Enceladus

If once the Titan’s strength could wake in me,
If Enceladus from Etna could arise,
I then would reign the master of the world
And like a god enjoy man’s bliss and pain.
     — Book 7 Canto 4

According to Apollodorus (i. 6. § 2), during the war between the gods and the giants, as Enceladus was fleeing, Athena threw the island of Sicily to crush him.

Virgil, in the Aeneid (iii. 578), gives another version of this story in which Enceladus is struck down by Zeus and the fire-breathing volcano Etna is placed over his shattered body.

The two versions are quite similar since the Etna volcano is the highest mountain in Sicily, although Apollodorus does not mention the volcano.

Since Sri Aurobindo mentions Mt. Etna, it is clear that it is Virgil’s version that he follows here.

The war of the gods against the giants is about the battle of the overmind forces associated to human forces against the evolutionary memories embedded in the body at the deepest level of the vital and even the cells.

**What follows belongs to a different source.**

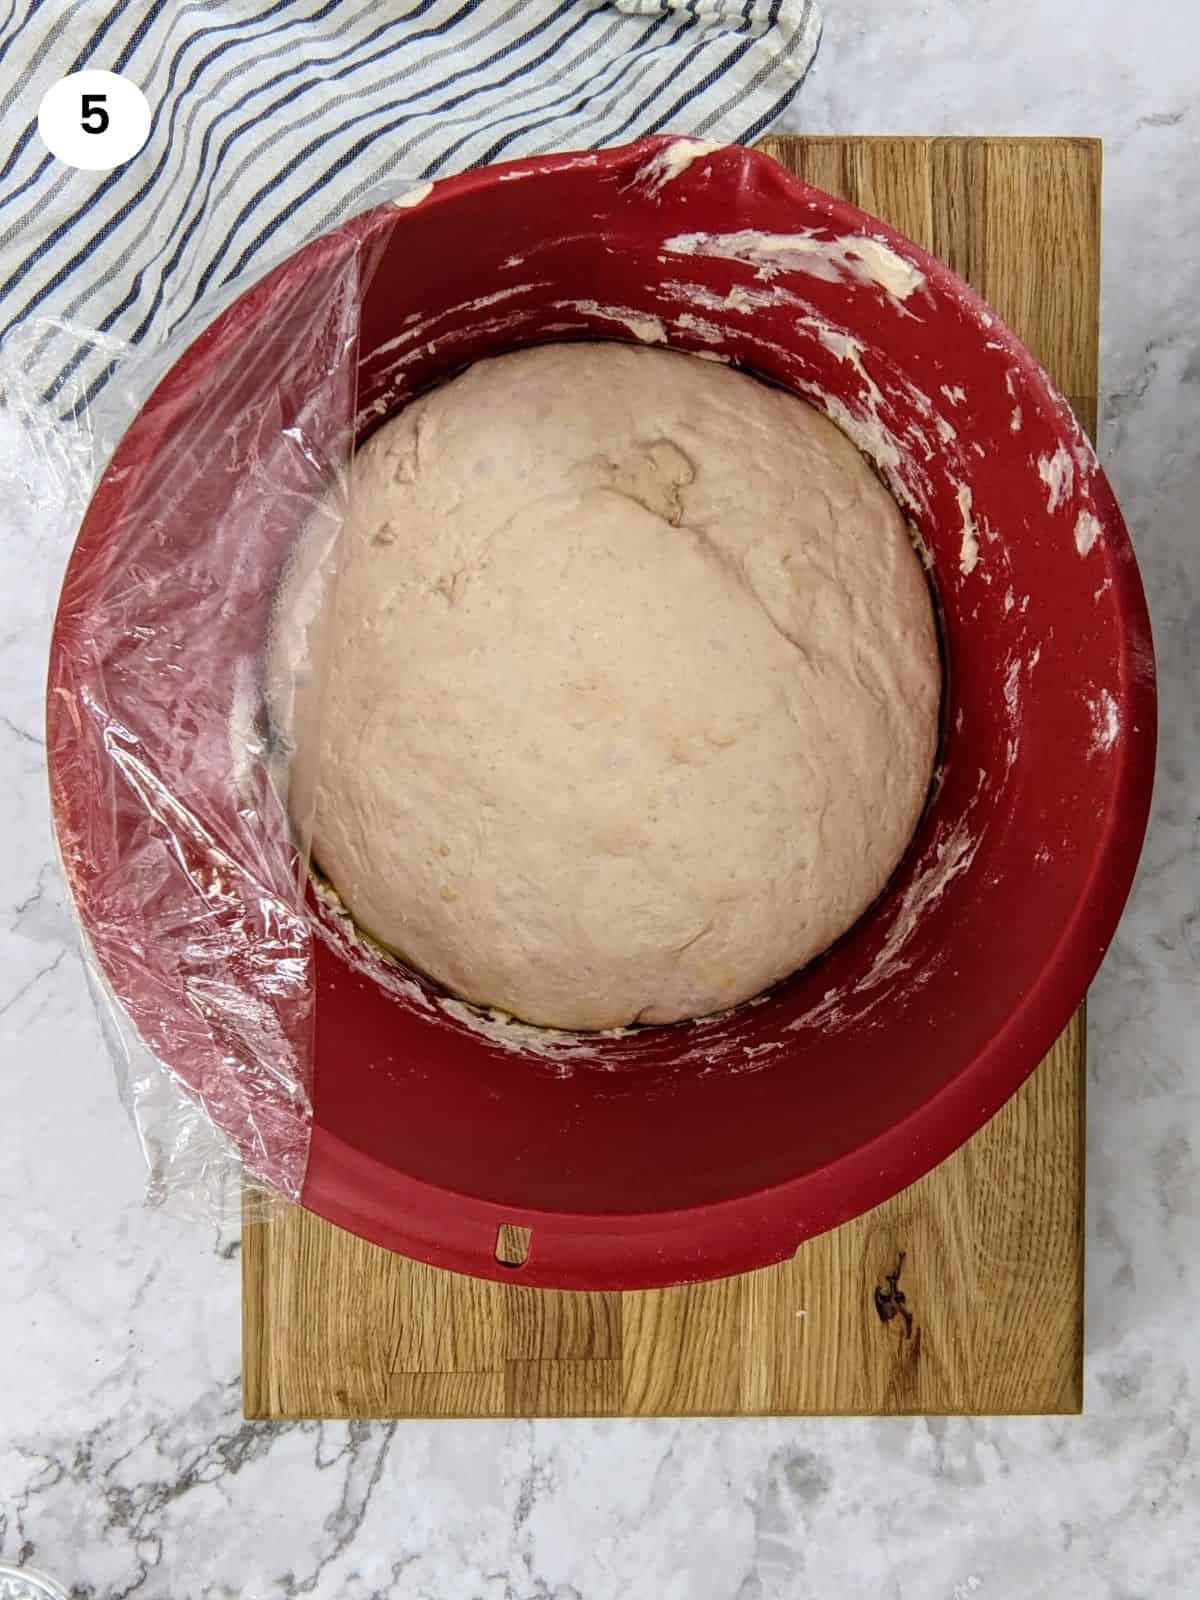 Dough after it has risen and double in size.

Enceladus is one of the giants and represents ’the vibration of excitement’ which is in the body and which disappears or at least is kept at a very low level under the action of the inner master, Athena, who puts a tremendous pressure on it. If we consider that a volcano is thrown at Enceladus, then it indicates a strong purification by the pressure of the fire contained in matter, the fire in the cells which have achieved conscious unity with the divine. Mt. Etna must have been the highest volcano known to the ancient Greeks. The fire that emerges from its mouth possibly represents the burning flame of aspiration in the cells towards the Divine.

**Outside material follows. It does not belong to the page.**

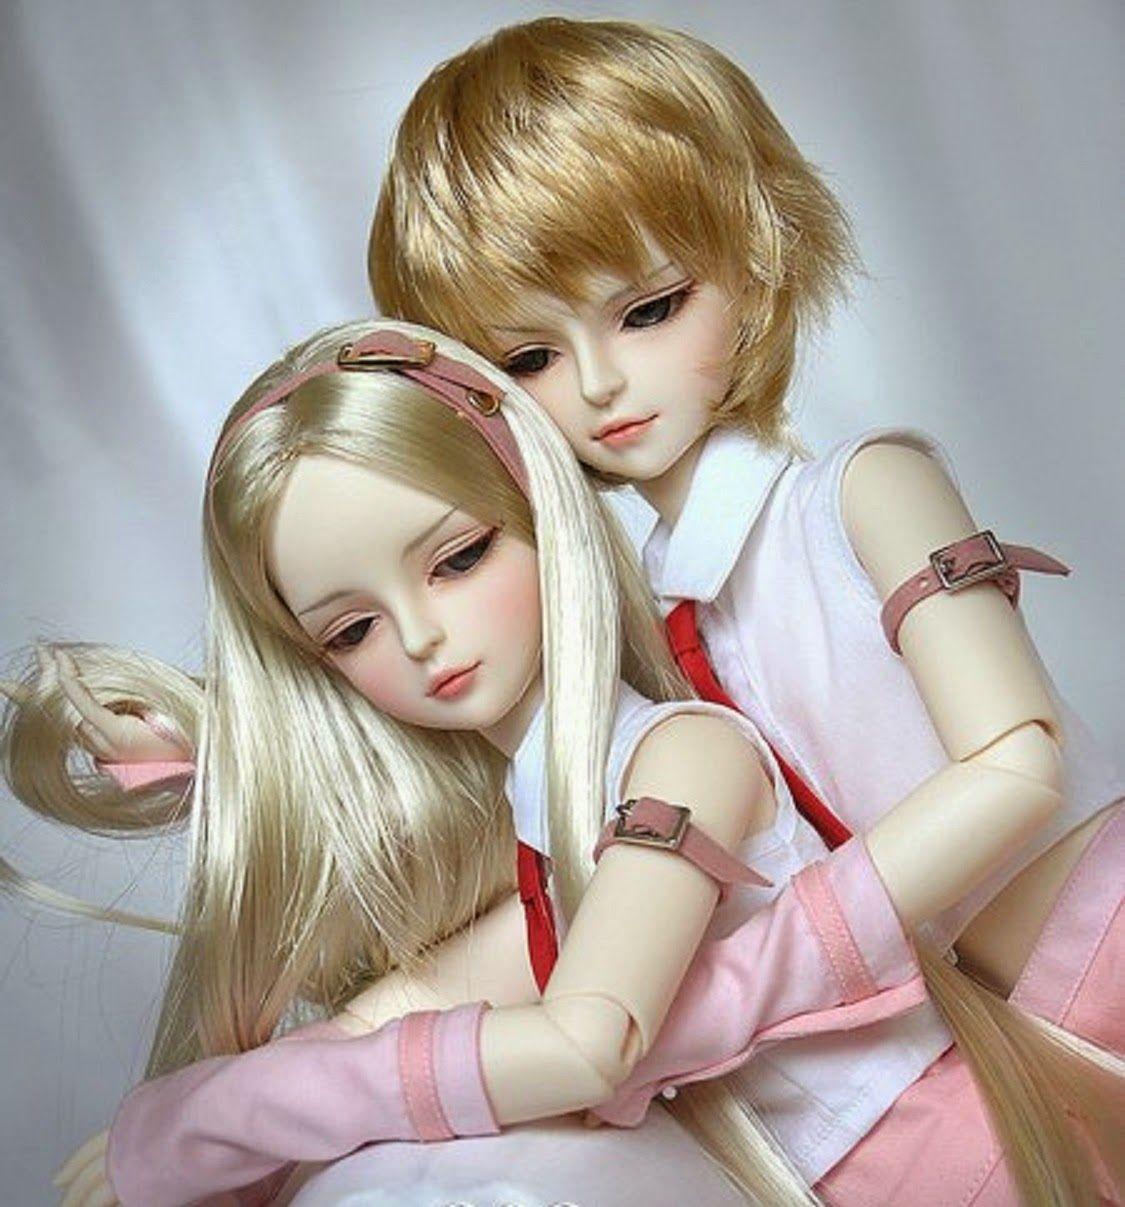 FREE ALL HD WALLPAPERS DOWNLOAD: Very Smart Couple Barbie Doll Wallpaper

If the Titans represent the forces of creation that are temporarily neutralised in human evolution – they were consigned by Zeus to Tartarus – the giants, on the other hand, must be killed, for they stand for early evolutionary processes that must be annihilated in the yoga of the body. In order to defeat the giants, the gods had to ally themselves with a mortal and it was Heracles who fulfilled this role. This means that when man (i.e. humanity) has reached a sufficient level of development under the laws and direction of Nature, he must unite with the forces of the overmind and actively participate in his future evolution towards divinisation of the totality of his nature.

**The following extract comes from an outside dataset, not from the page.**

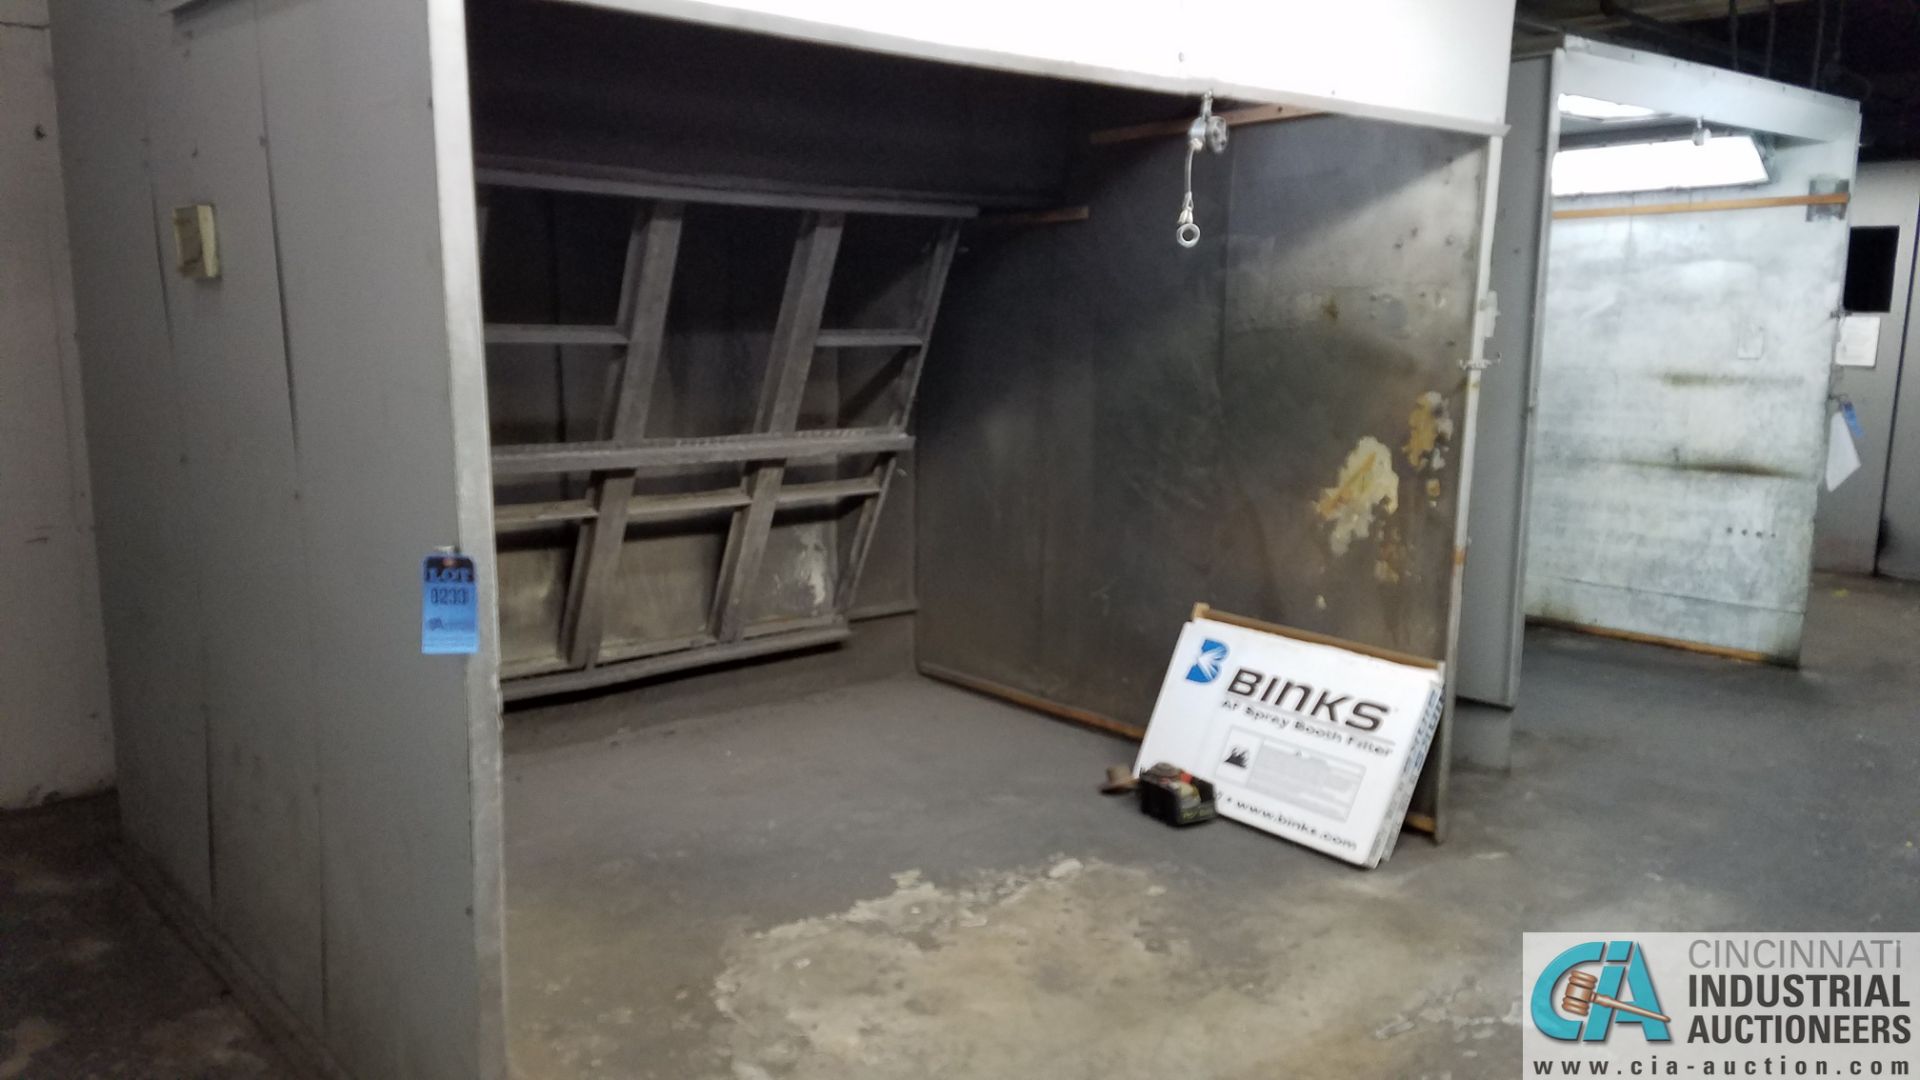 10' X 6' X 80" HIGH (APPROX.) REAR DRAFT DRIVE-IN PAINT BOOTH **BUYER MUST CAP EXHAUST THROUGH

This struggle between the Gods and the Giants is not mentioned either in Homer or in Hesiod. Apollodorus places this fight just after the one of the gods against the Titans and identifies Enceladus with a gigantic primitive force equivalent to that of the Titans. In fact, we have every reason to believe that it is one of the most advanced battle in the yoga of the body, for it requires man’s conscious participation. It must therefore come after all the Labours of Heracles, for this hero was not yet born during the war of the gods against the Titans.